What actually went wrong with Retail:
- Cash shop: yes, the Classic community actually gets this one right. Blizzard making their money off of the cash shop and similar means that players aren't equal. Instead, they need to cater to those players who spend the most money on the game. That means that their focus as a company moves from developing content that's fun for everyone to developing content that rewards people who pay extra for it. Nobody ever asked for this, but it makes money for Blizzard.
- Habituation / treadmills: around the time of Cata, almost all content became locked behind dailies or weeklies, and Blizzard started heavily controlling the rate at which players could progress. This is convenient for Blizzard since they can control the rate at which players experience the content, and their business side believes that getting players to login every day will create a habit in the players similar to getting your morning coffee. The problem is that people don't have time to login every day. This drove a lot of players away. Nobody ever asked for this.
- Borrowed Power Systems: in short, Blizzard added systems to each expansion that would control your playstyle over the course of an expansion. Maybe it was as simple as an item or two, or maybe it was a weapon that would actually give you new abilities. Regardless, these borrowed power systems controlled how you played your spec and were integral to class balance. Then each system would be thrown right in the trash at the start of each new expansion. The most obvious case was artifact weapons in Legion being something you built and traited out for the entire expansion, vastly impacting your playstyle, only for the whole system to be ditched in Battle for Azeroth, your weapons depowered, your character nerfed, and the system replaced with Azerite traits. Players have come to hate these, yet Blizzard keeps putting them in.
- Control: because of Blizzard's focus on new power systems, throwing everything out the window every new expansion, and trying to get players into the new treadmills every expansion, they basically force you to play the game a certain way. Players no longer have any control over their playstyle – Blizzard figures that out for you. If you don't login every day, if you don't want to progress a new borrowed power system, if you don't use the cash shop, then there's not much in the game for you to do at all, and Blizzard probably doesn't want you there.
- Class balance: yes, really. You may be thinking that Vanilla and TBC had some wonky class balance, but you have no idea if you haven't played retail since WotLK. Not long after Cata, Blizzard largely stopped caring about everything except endgame content. That meant that if you actually tried to level a character as a new player, some classes were far ahead of others in terms of power. For example, Feral Druids during MoP could kill mobs in seconds during the leveling phase of MoP while monks struggled about as much as Vanilla classes did during the leveling phase. Blizzard didn't care. And they cared less and less as time went on.

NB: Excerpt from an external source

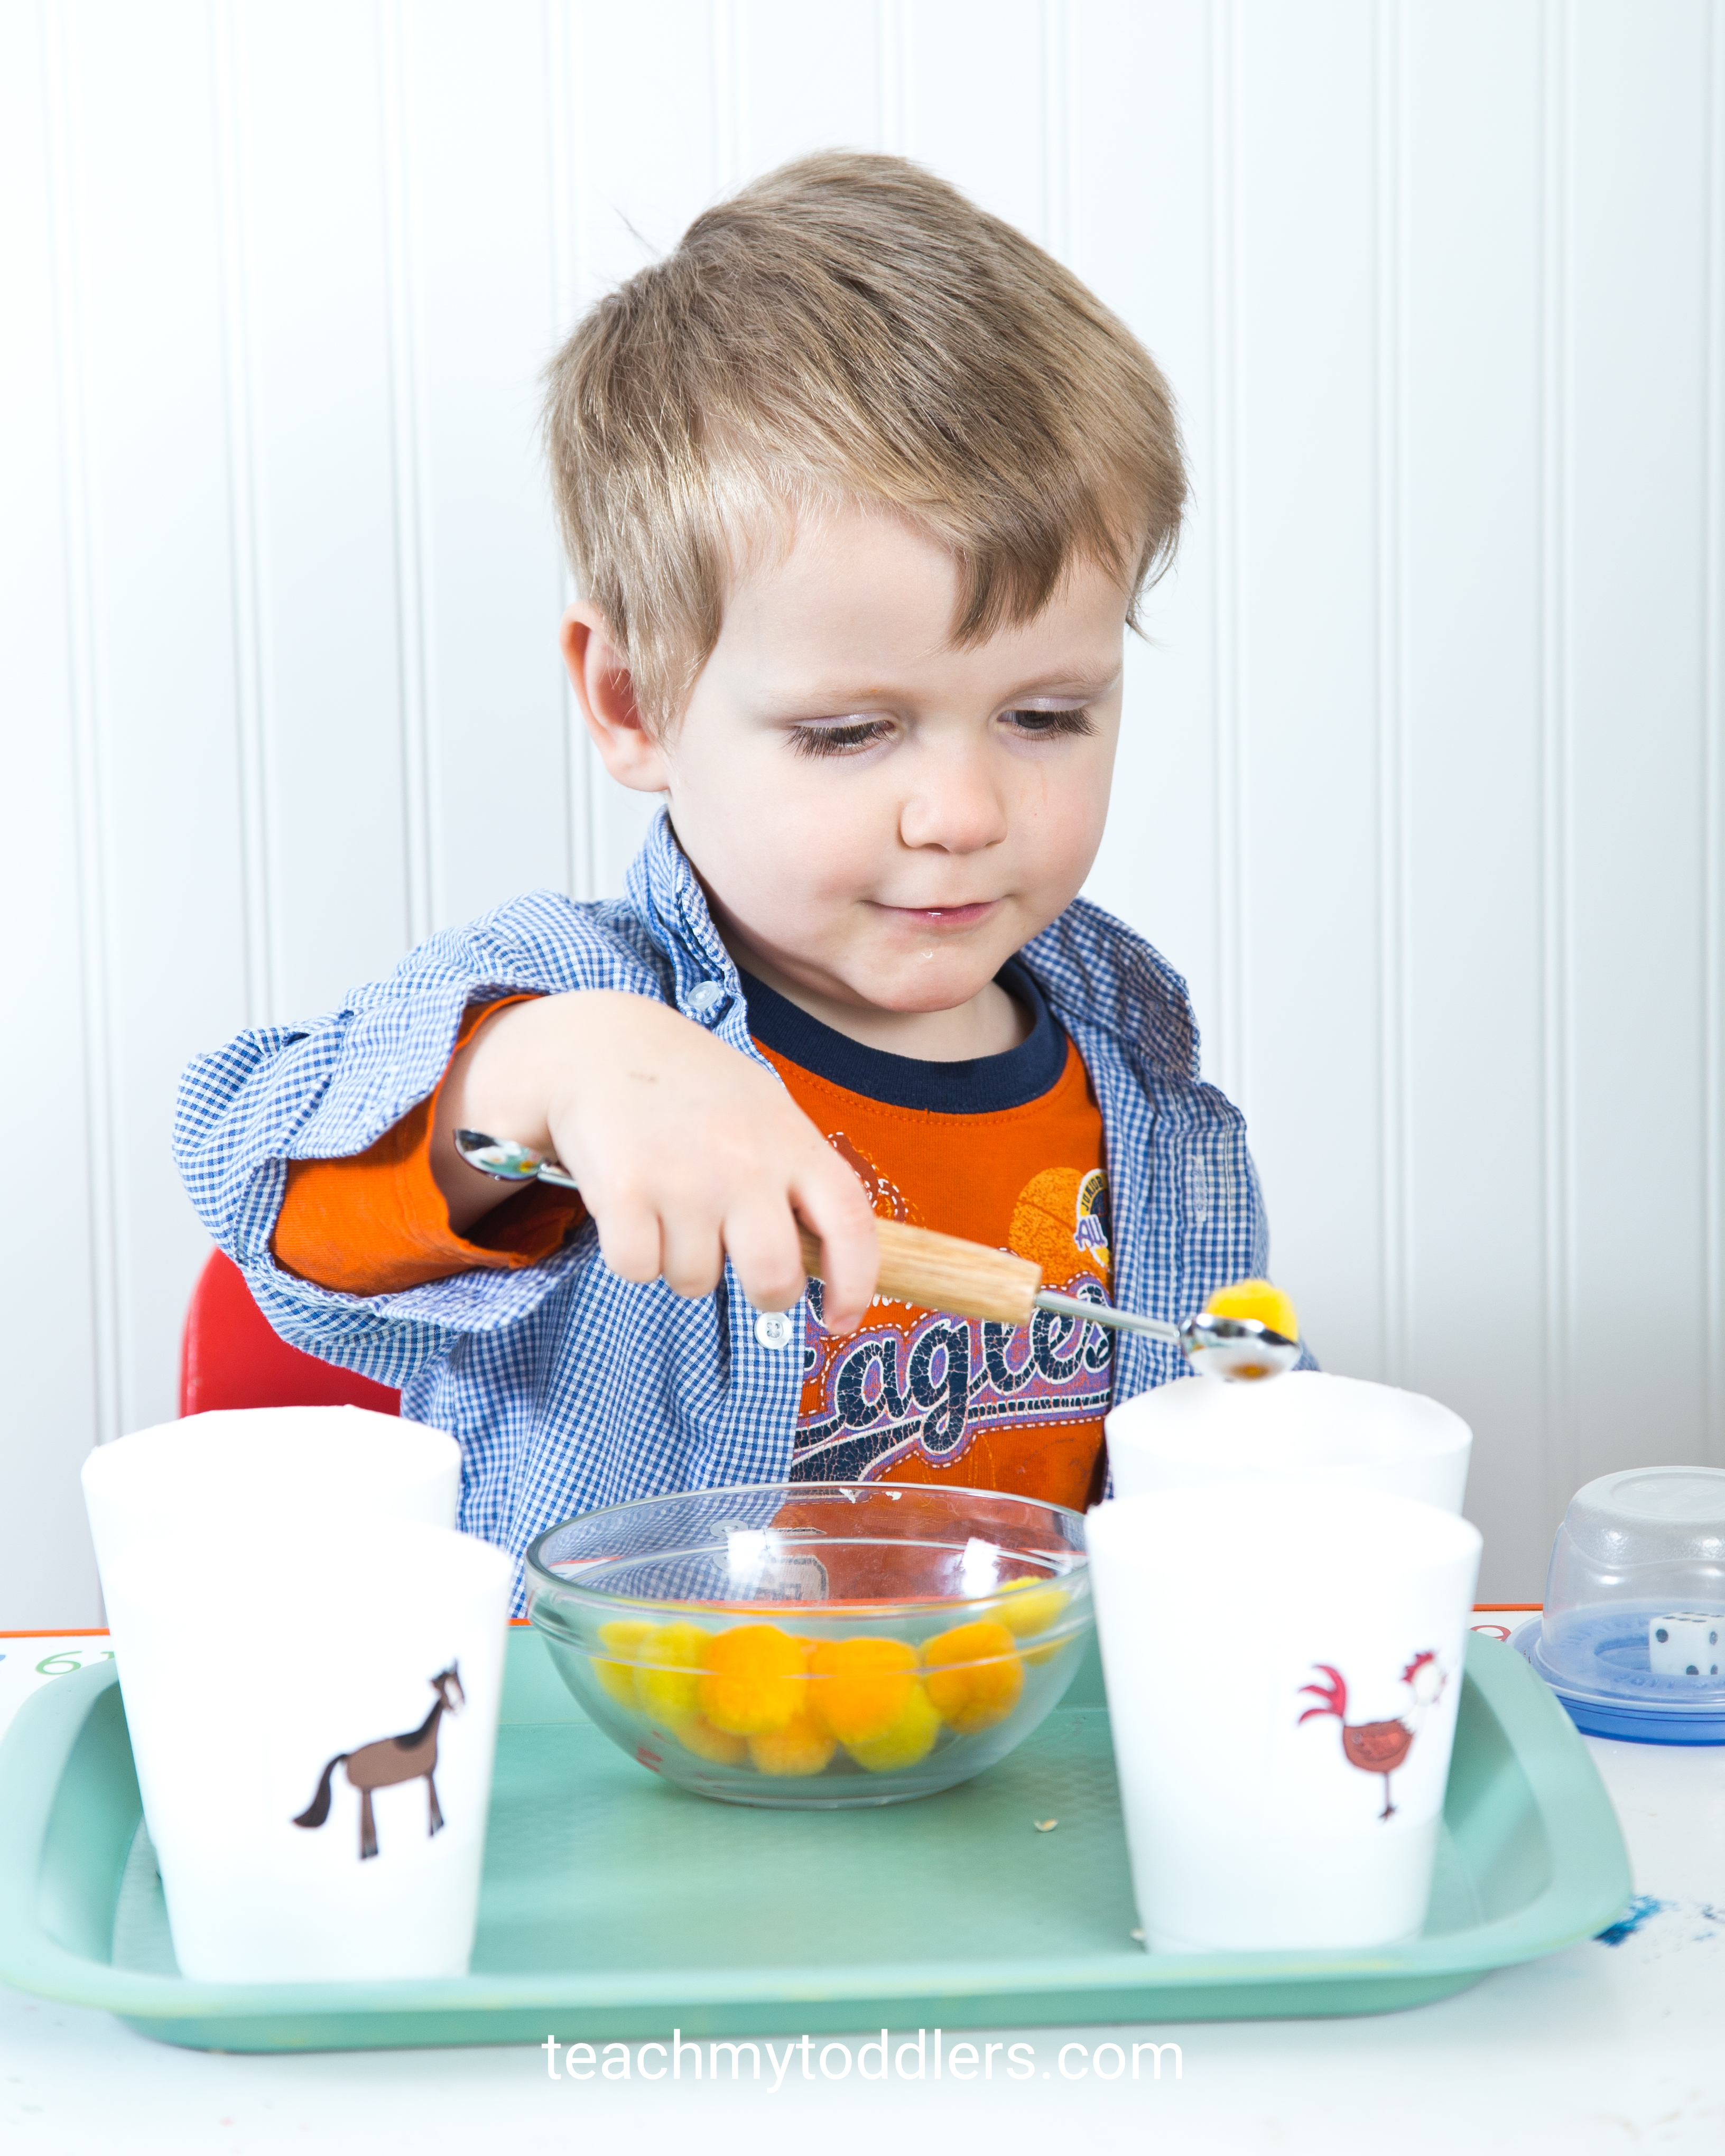 Find out how to use these fun counting activities to teach your toddlers numbers

- The gutting of classes: several classes have completely lost abilities that used to be core to the class. This started with Cata with certain abilities being locked behind your specialization. Specializations were basically just a way to take the existing talent systems and lock players into one specific tree, then have certain abilities only be given to you if you used that tree. But it got worse and worse over time, with abilities sometimes being tied to borrowed power systems, and has resulted in entire abilities being stripped from the players. It's gotten so bad now that picking a warrior specialization determines the weapons you can equip.
- Too many systems to manage: between borrowed power, talents, specializations, glyphs, professions, and all of the other crap they've added over time, it's become more than obvious that Blizzard's dev team have too much on their plates when it comes to trying to actually flesh out and balance everything. That's why they keep dropping systems, removing core abilities from classes, and so on.

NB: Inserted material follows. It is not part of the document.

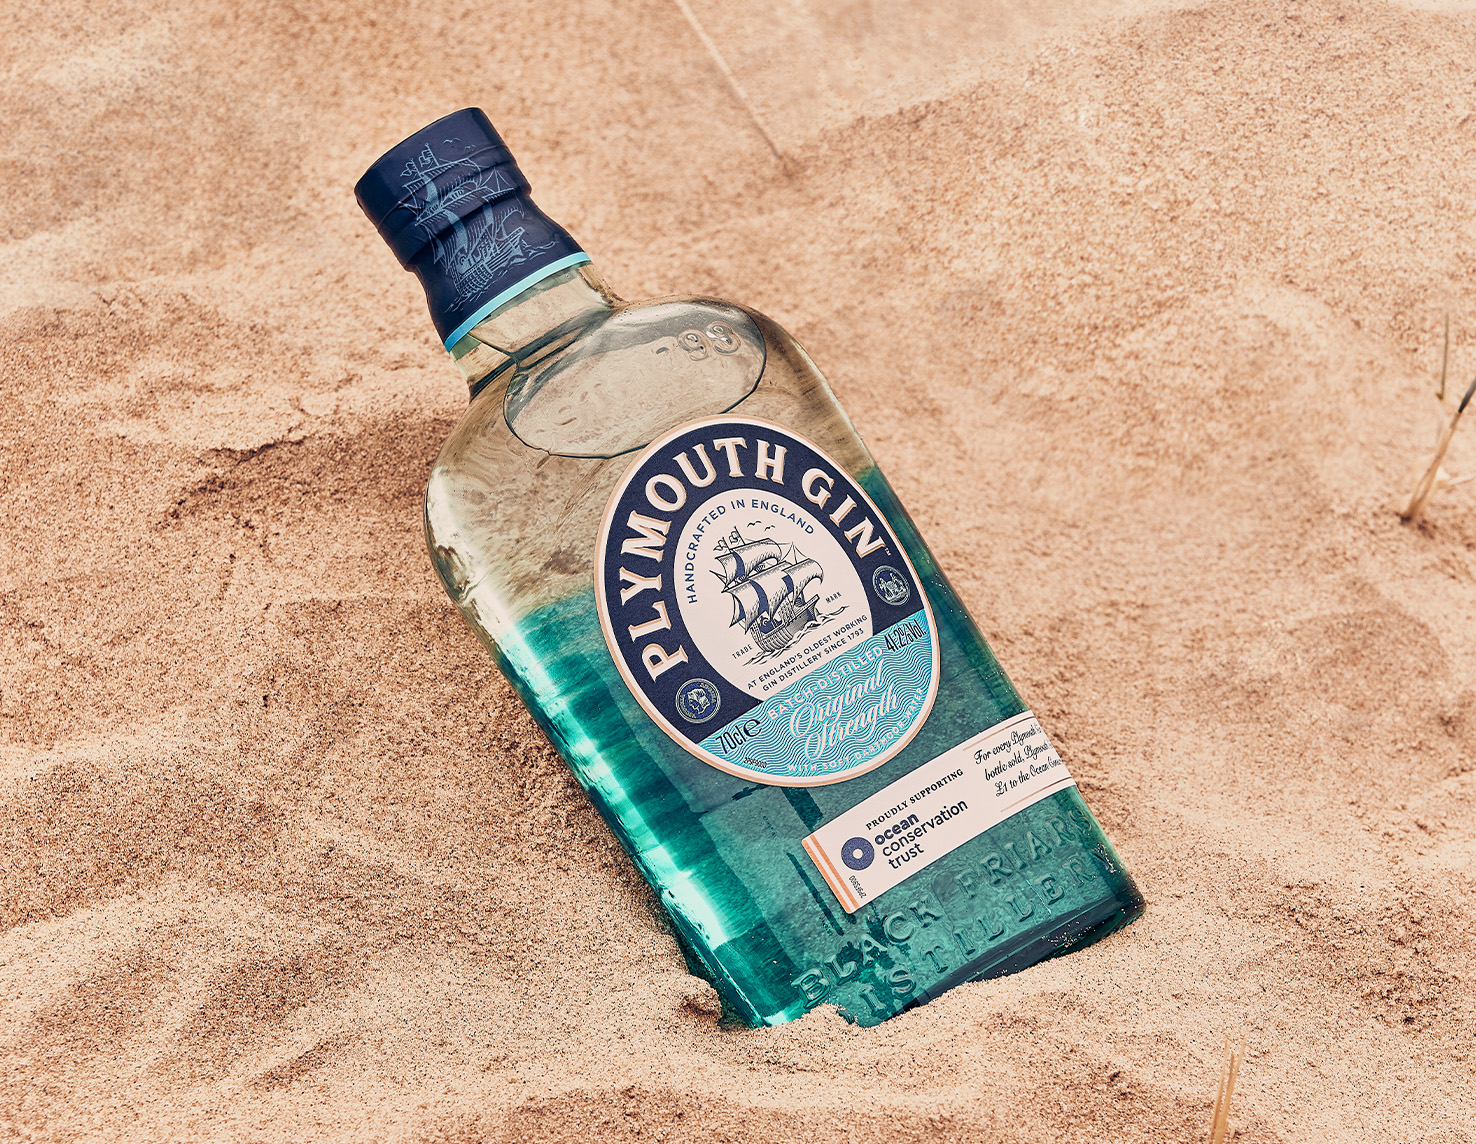 Plymouth Gin Ocean Edition in sand on the beach

Most of retail's problems can be summed up with just three overarching themes:
- Blizzard making changes and adding systems that nobody likes: cash shop, habituation, new treadmill power system mechanics every expansion, etc.
- Blizzard trying to control the way you play
- Content becoming bloated and unmanageable due to every expansion trying to reinvent the game
TLDR: Retail went bad because of Blizzard doing things that nobody likes and nobody asked for. It had nothing to do with quality of life enhancements, dungeon finder, raid finder, dual spec, or any of the minor changes made over time.